The Longevity-Associated BPIFB4 Variant is Anti-Inflammatory
A variant in the gene BPIFB4 has been found to correlate with longevity in humans. In these matters it is worth noting that even small effects on mortality risk result in noticeable correlations with sustained over decades, and indeed all of the known human associations between longevity and genetic variation identified in large study populations are thought to have only modest effect sizes. What are the underlying mechanisms for BPIFB4, however? Researchers here make an argument for suppression of the chronic inflammation of aging as the reason for the association between BPIFB4 and longevity. Certainly chronic inflammatory signaling is disruptive to tissue function, and a major issue in aging.

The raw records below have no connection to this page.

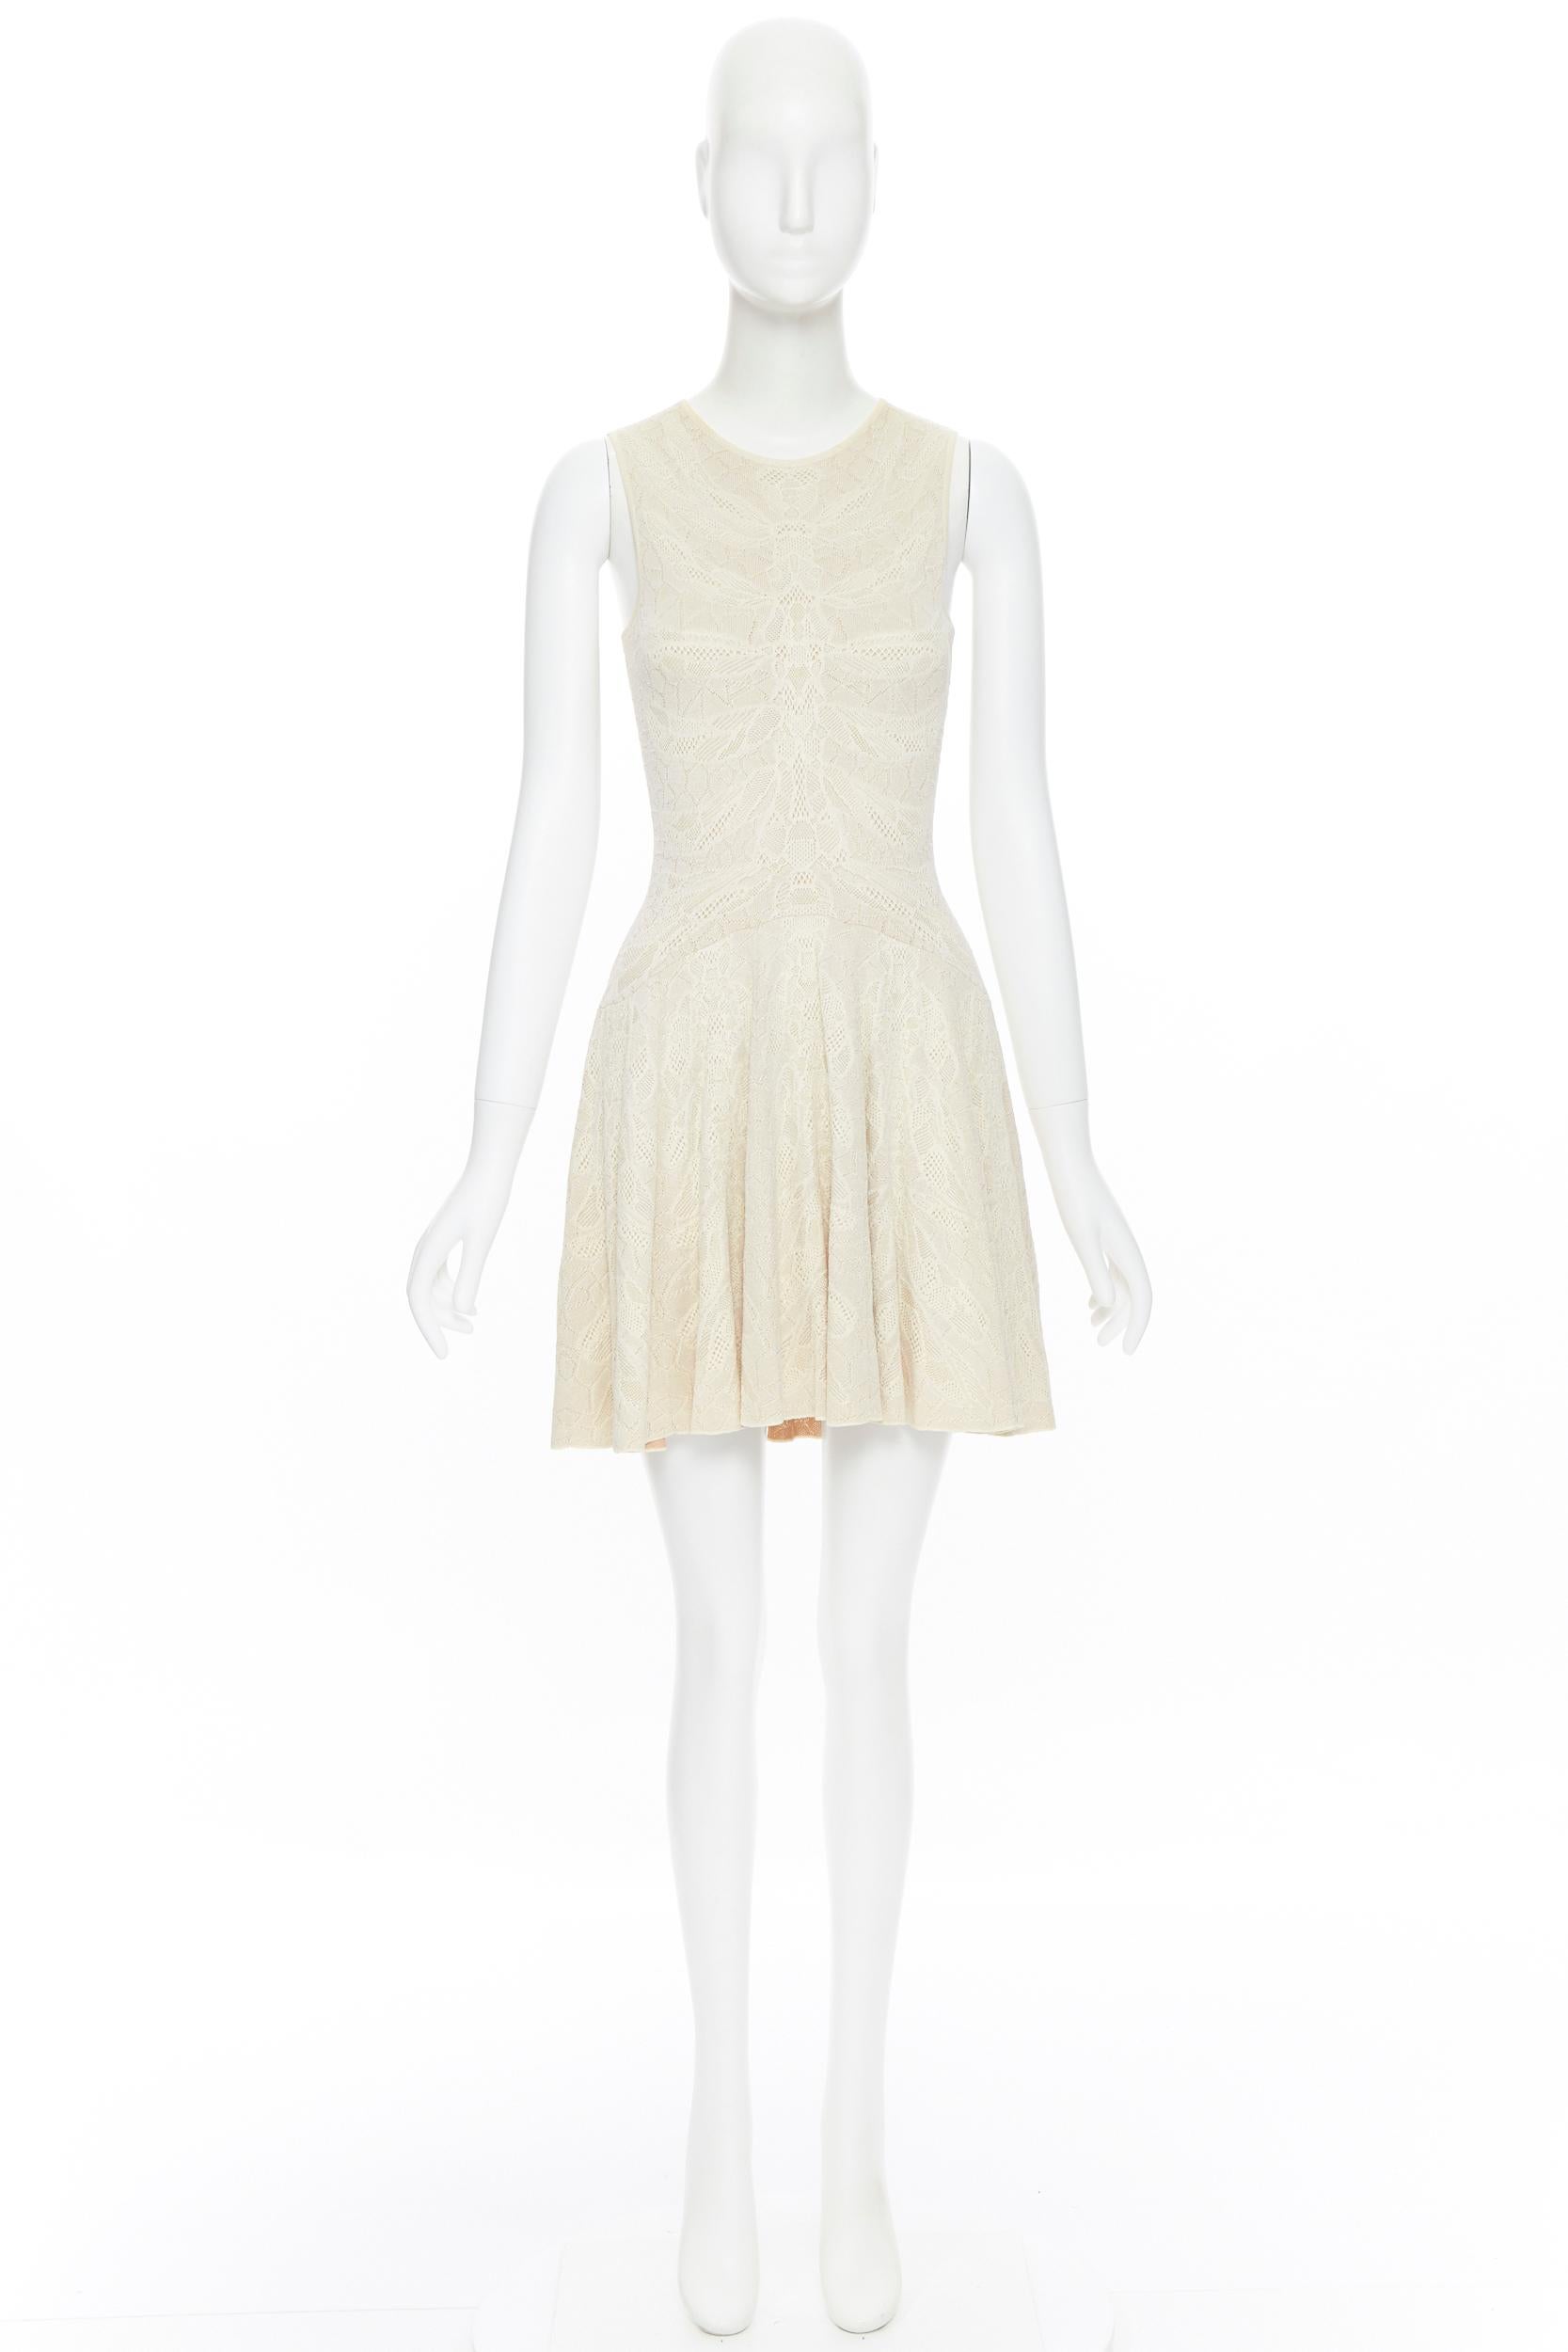 ALEXANDER MCQUEEN silk viscose jacquard knit fit flare cocktail dress S
Brand: Alexander Mcqueen
Model Name / Style: Fit flare dress
Material: Silk, viscose
Color: White
Pattern: Abstract
Closure: Slip on
Extra Detail:
Made in: Italy

CONDITION:

Increased levels of pro-inflammatory proteins in plasma can be detected in older individuals and associate with the so called chronic low-grade inflammation, which contributes to a faster progression of aged-related cardiovascular (CV) diseases, including frailty, neurodegeneration, gastrointestinal diseases, and disorders reflected by alterations in the composition of gut microbiota. However, successful genetic programme of long-living individuals alters the trajectory of the ageing process, by promoting an efficient immune response that can counterbalance deleterious effects of inflammation and the CV complications. This is the case of BPIFB4 gene in which, homozygosity for a four single-nucleotide polymorphism (SNP) haplotype, the Longevity-Associated Variant (LAV) correlates with prolonged health span and reduced risk of CV complications and inflammation.

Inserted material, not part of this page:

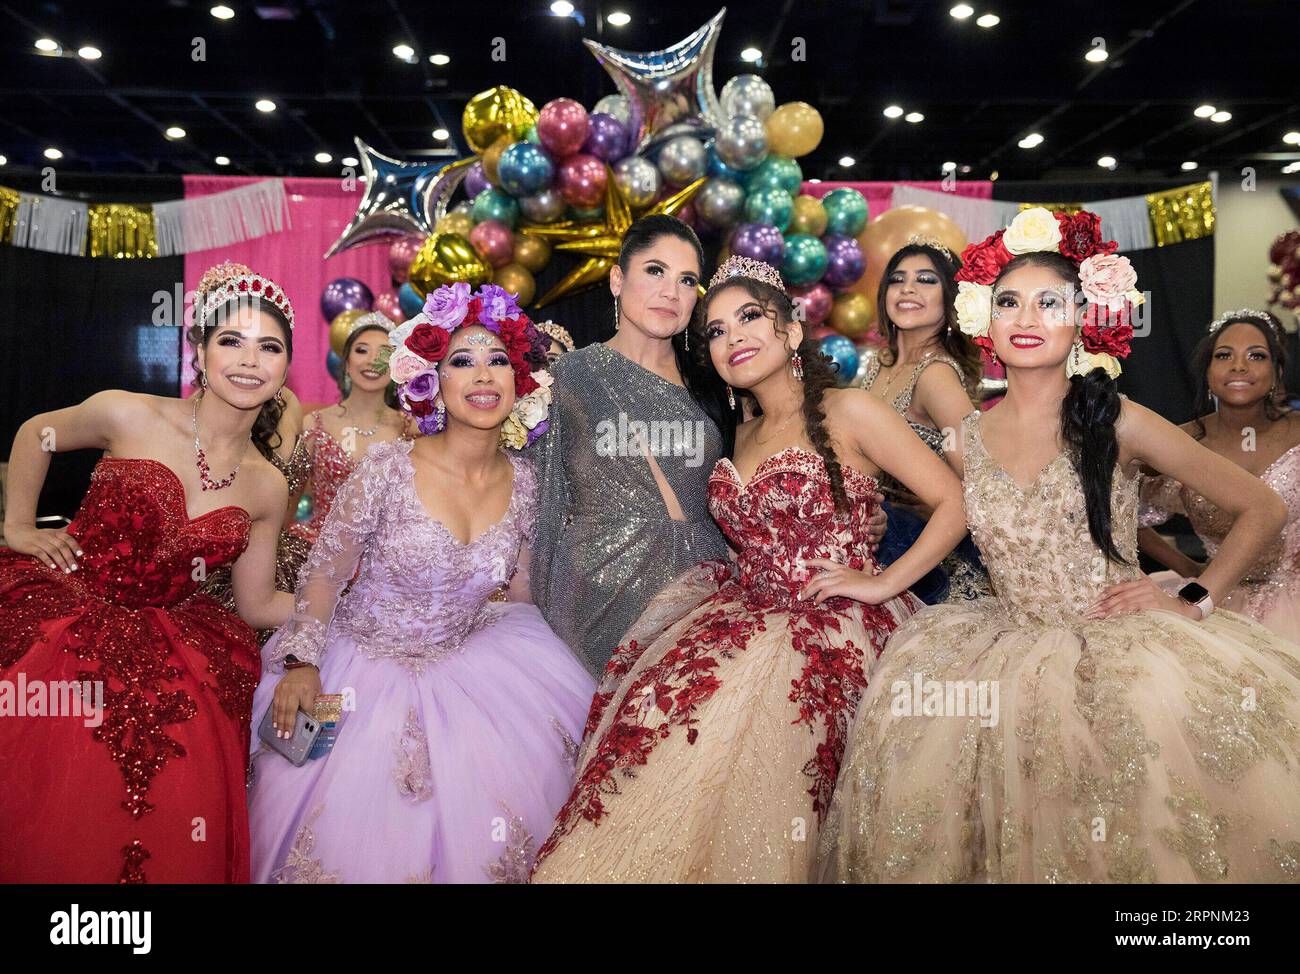 200302 -- HOUSTON, March 2, 2020 Xinhua -- A Houston-based Quinceanera dress designer takes a photograph with her models at the Big One Quinceanera Expo in Houston, Texas, United States, on March 1, 2020. Quinceanera is a tradition in Latin America marking the transition of girls from childhood to adulthood. Photo by Yi-Chin Lee/Xinhua U.S.-HOUSTON- QUINCEANERA EXPO PUBLICATIONxNOTxINxCHN Stock Photo

The relation between LAV-BPIFB4 and inflammation has been proven in different experimental models, here we hypothesized that also human homozygous carriers of LAV-BPIFB4 gene may experience a lower inflammatory burden as detected by plasma proteomics that could explain their favourable CV risk trajectory over time. We used high-throughput proteomic approach to explore the profiles of circulating proteins from 591 baseline participants selected from the Progressione delle Lesioni Intimali Carotidee (PLIC) cohort according to the BPIFB4 genotype to identify the signatures and differences of BPIFB4 genotypes useful for health and disease management. The observational analysis identified a panel of differentially expressed circulating proteins between the homozygous LAV-BPIFB4 carriers and the other alternative BPIFB4 genotypes highlighting in the latter ones a higher grade of immune-inflammatory markers.